With thrombolytics: increased risk of bleeding.

With probenecid: Plasma concentrations of NSAIDs may increase, which may be due to an inhibitory effect on renal tubular secretion and/or conjugation with glucuronic acid, requiring NSAID dose adjustment.

With cardiac glycosides: NSAIDs may lead to increased plasma concentrations of glycosides.

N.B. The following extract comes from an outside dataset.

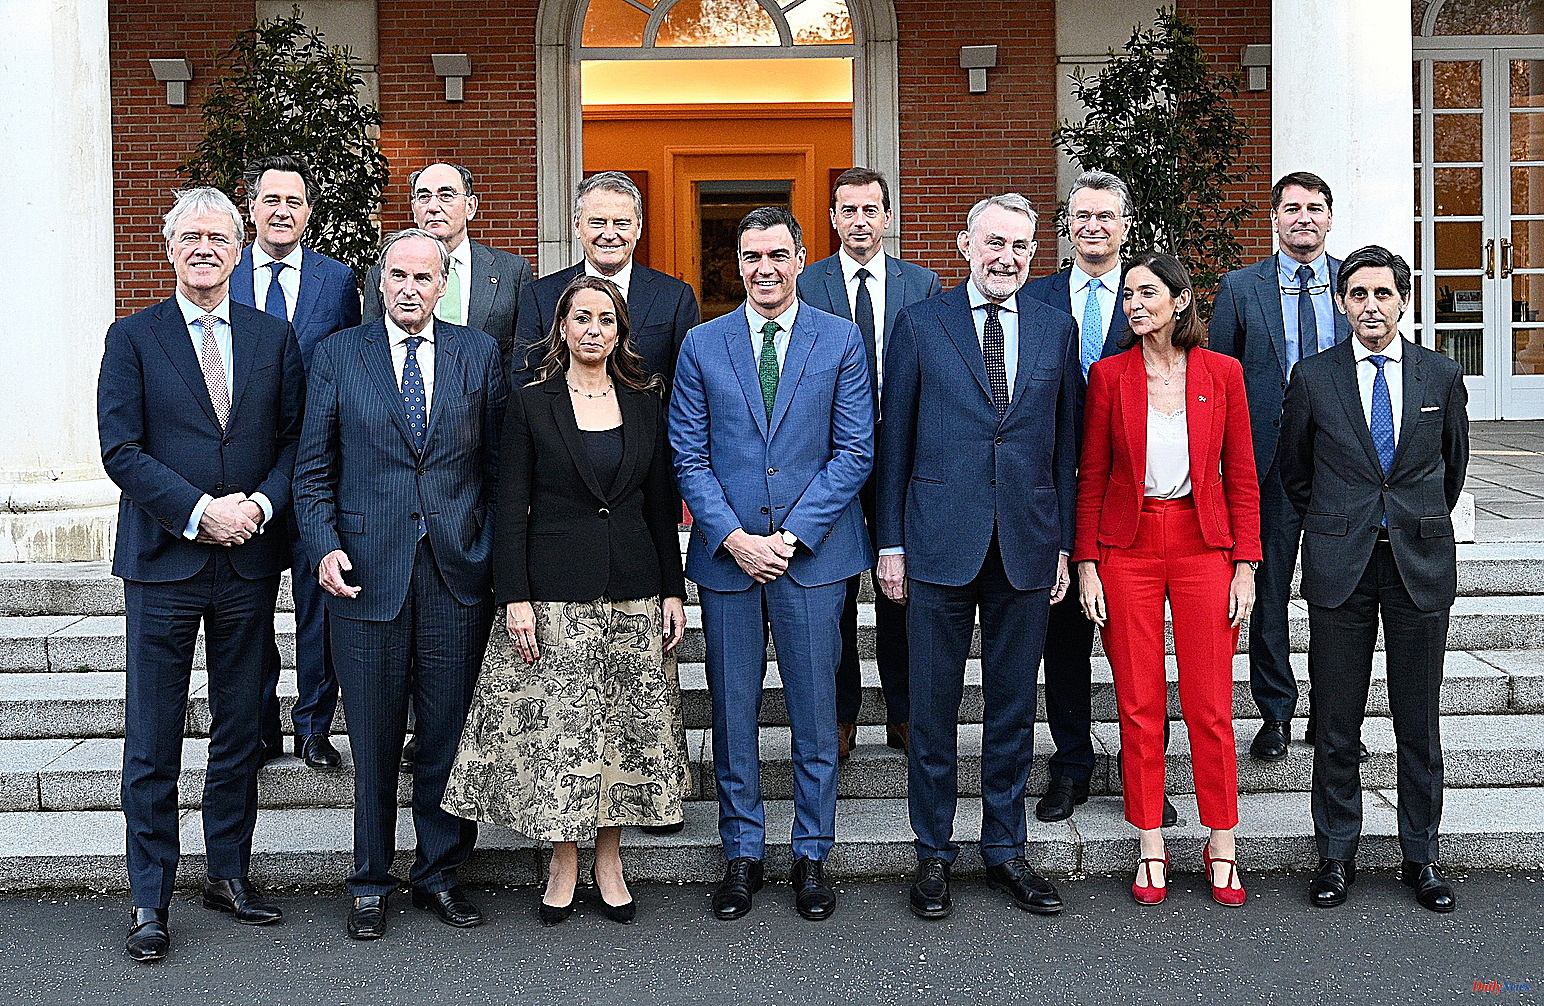 Economy The leaders of the European industry distinguish Feijóo and meet with him after seeing Sánchez

With mifepristone: due to the theoretical risk of changes in the effectiveness of mifepristone under the influence of prostaglandin synthesis inhibitors, NSAIDs should not be prescribed earlier than 8-12 days after discontinuation of mifepristone.

With ciprofloxacin: data obtained from experimental studies in animals indicate a high risk of developing convulsions when NSAIDs are prescribed during therapy with high doses of ciprofloxacin.